Todos conocemos el aura que voltea al triángulo de las Bermudas y en cambio, son muy pocos los que saben de dónde nació toda aquella "magia" alrededor del lugar (los accidentes antes mencionados) o el hecho de que tras unos años se encontraron ambos aviones y se establecieron las causas de sendos accidentes: uno por fallo técnico y otro porque se quedó sin combustible.

Si bien la desaparición del vuelo de Malaysia Airlines nos puede parecer uno de los casos más intrigantes de la historia de la aviación y da lugar a múltiples interpretaciones, debemos ir con cuidado y poner los hechos en situación: ocho dias son muy pocos y empezar a buscar conclusiones sin ningún tipo de base es tan descabellado como peligroso.

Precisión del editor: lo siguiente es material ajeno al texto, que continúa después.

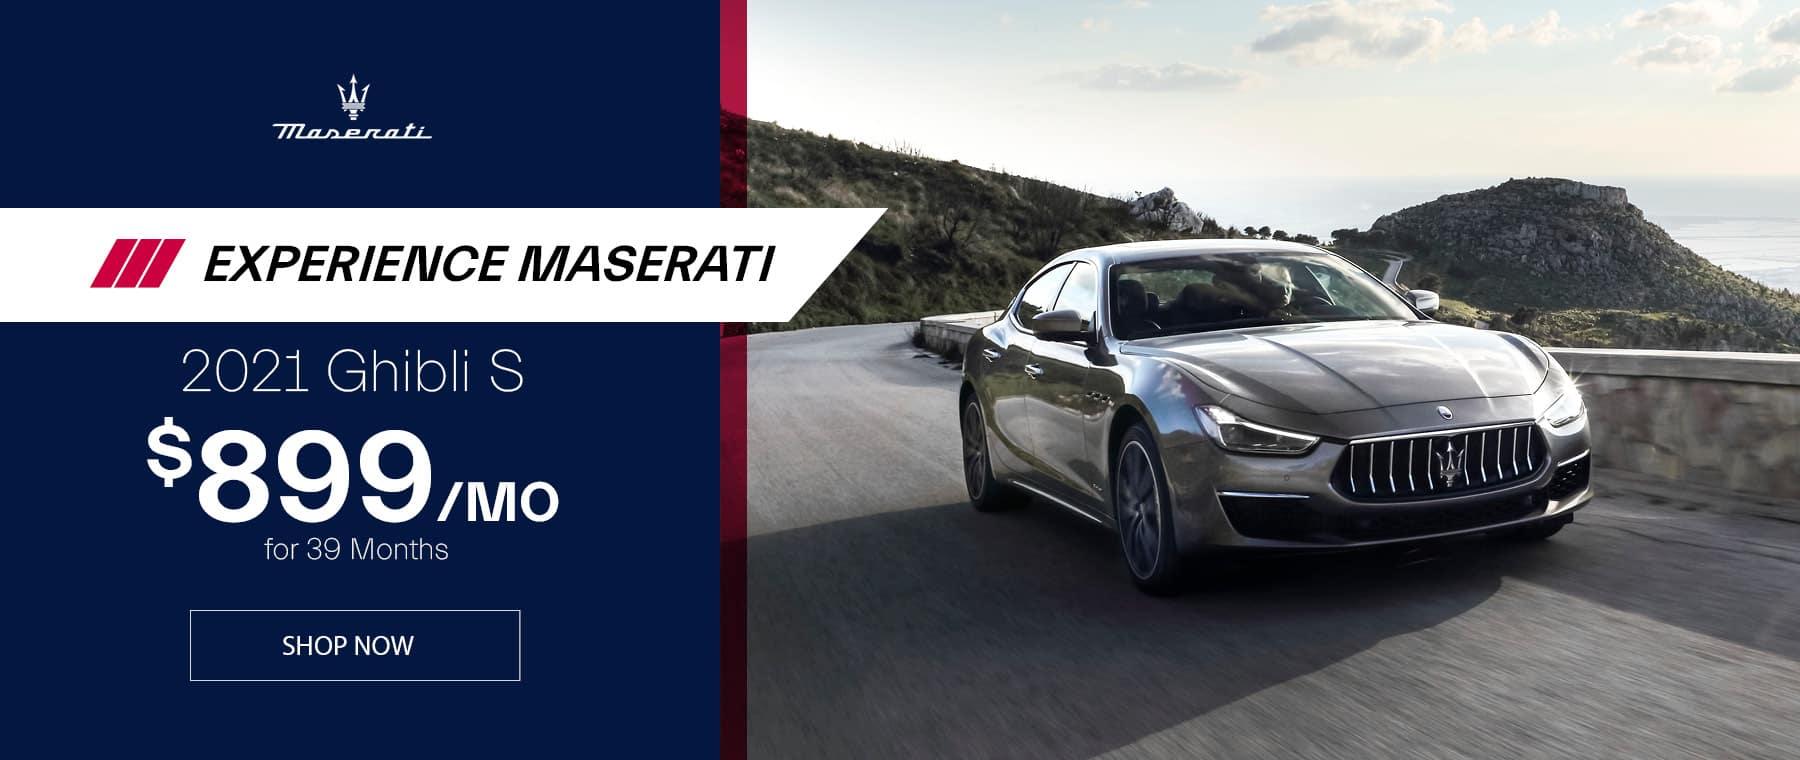 Silver 2021 Maserati Ghibli
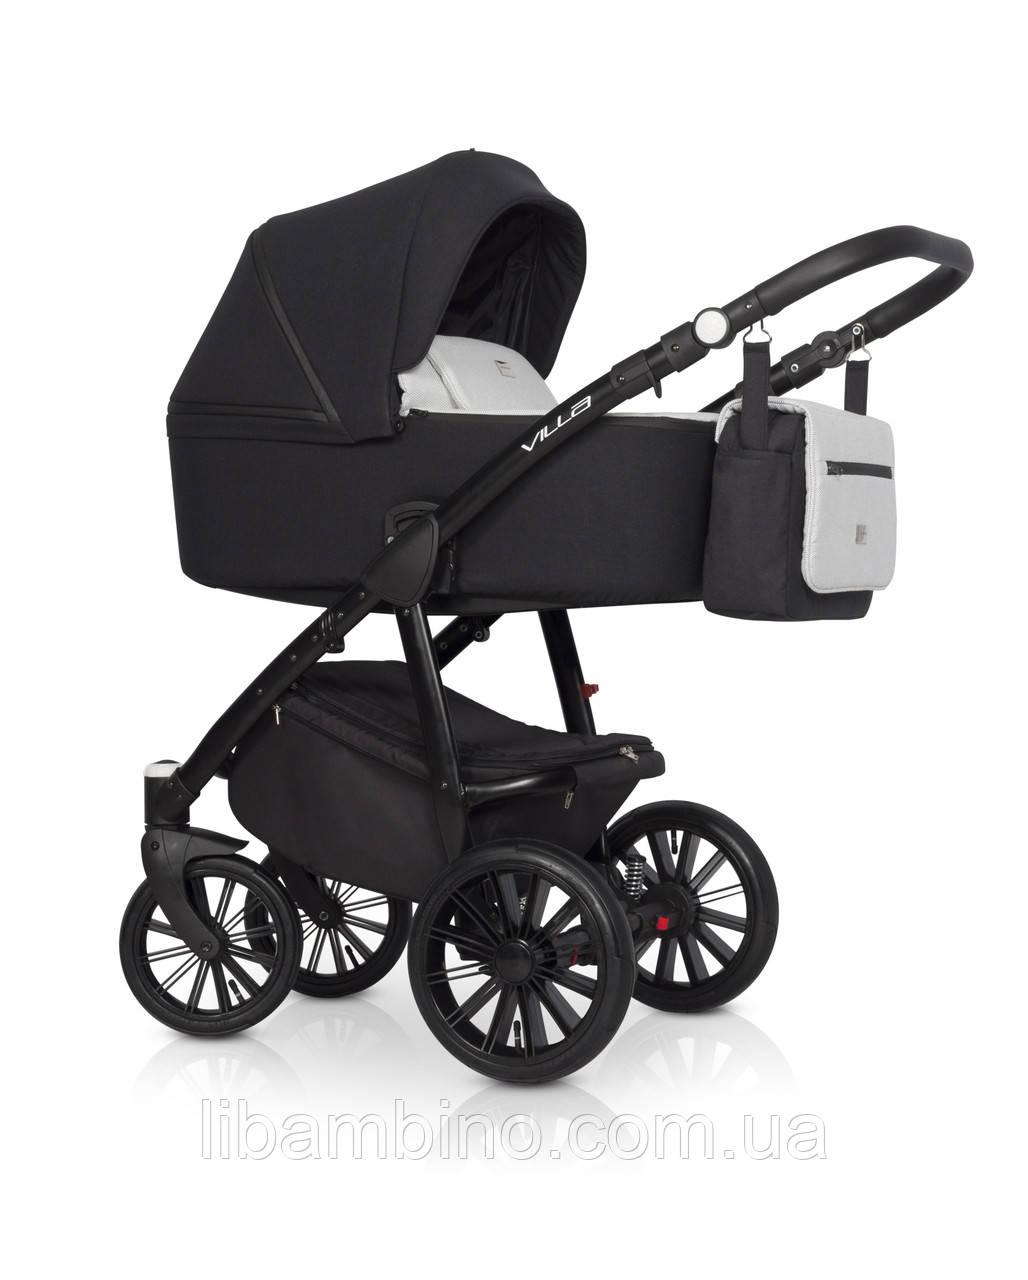 Дитяча універсальна коляска 2 в 1 Riko Villa 02 Platinum

La política es enemiga de la realidad

Malaysian 777

Siempre lo ha sido y cuando hay más de 200 vidas en juego, se acentúa. Como todos sabemos, los políticos no son ni ingenieros, ni científicos ni magos que pueden hacer aparecer de la nada una explicación. En cambio, su ceguera en ocasiones ocasiona que se pierda la perspectiva de lo que tenemos delante. Esta semana leía un interesante artículo sobre el proceso de búsqueda de las cajas negras del vuelo Air France 447 que antes mencionaba y las conclusiones eran demoledoras: la ambición e ignorancia de los entes políticos en ocasiones es clave para que este tipo de accidentes se resuelvan con mayor o peor celeridad.

Así pues, y teniendo en cuenta la cantidad de países, organizaciones políticas y conflictos internos que están relacionados con la desaparición del vuelo de Malaysia Airlines, toda la información que llega hay que ponerla en tela de juicio y ser especialmente escéptico.

Lo que desde luego deja claro la desaparición del vuelo de Malaysia Airlines es lo pequeño que sigue siendo el ser humano. El siglo XXI y toda la tecnología que nos rodea nos ha hecho creer que este tipo de cosas no son posibles, cuando lo cierto es que la realidad supera la ficción.